Licensing a betting Model?

The sport of kings.
Post Reply
Gcampb
Posts: 9
Joined: Mon Mar 13, 2023 8:42 pm

Hi

I posted a few weeks ago here regarding a machine learning project I was working on. It appeared to have found an edge in the UK&iE racing markets, it was backtested on 9 years of racing and it has a strong, consistent signal that I'm currently testing on live races.

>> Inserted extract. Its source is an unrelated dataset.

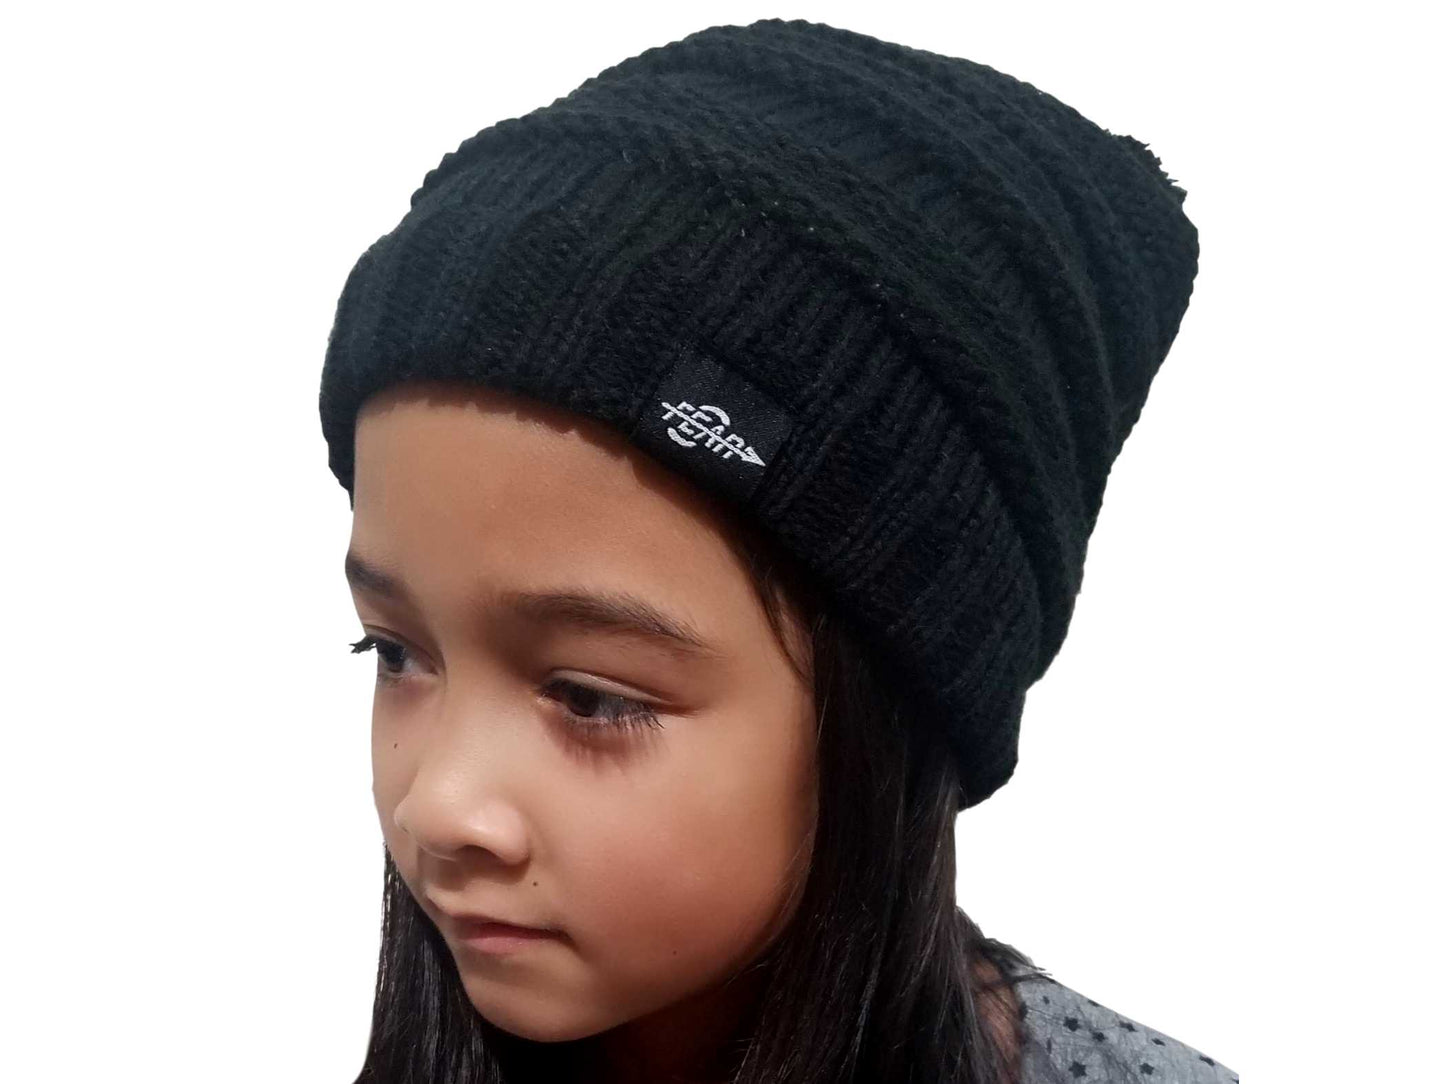 Fear0 NJ Warmest Plush Insulated Black Beanie Hat Girls/Kids Fear0

My initial tests showed it had circa a 13% roi per annum, however as ive been trading on live races I decided on specific tweaks to making selections ie excluding selections with odds of less than 2.0 and the roi shoots up to 30% per annum, though with a drop from circa 1400 selections to 400..

Further to this, ive also got a model that initially I couldn't find value in - it could, predict the structure of a market before the off and without any sight of odds data accurately predict how the market was going to react to the race pre off, initially I couldn't find a trading strategy, however after returning to it - it actually works very well for lay betting. The model takes a race card and scores the runners, but just as it was accurate with the top horses, it's accurate with the horses likely to underperform. The edge lies in that the market doesnt price these very well and again, following a basic stategy its been profitable year on year. It gives me the maximum odds to lay bet on a selection, execution wise its a bit trickier to do than my other model, but not impossible.

Both models have minimal drawdown periods so psychologically they are not too bad to work with.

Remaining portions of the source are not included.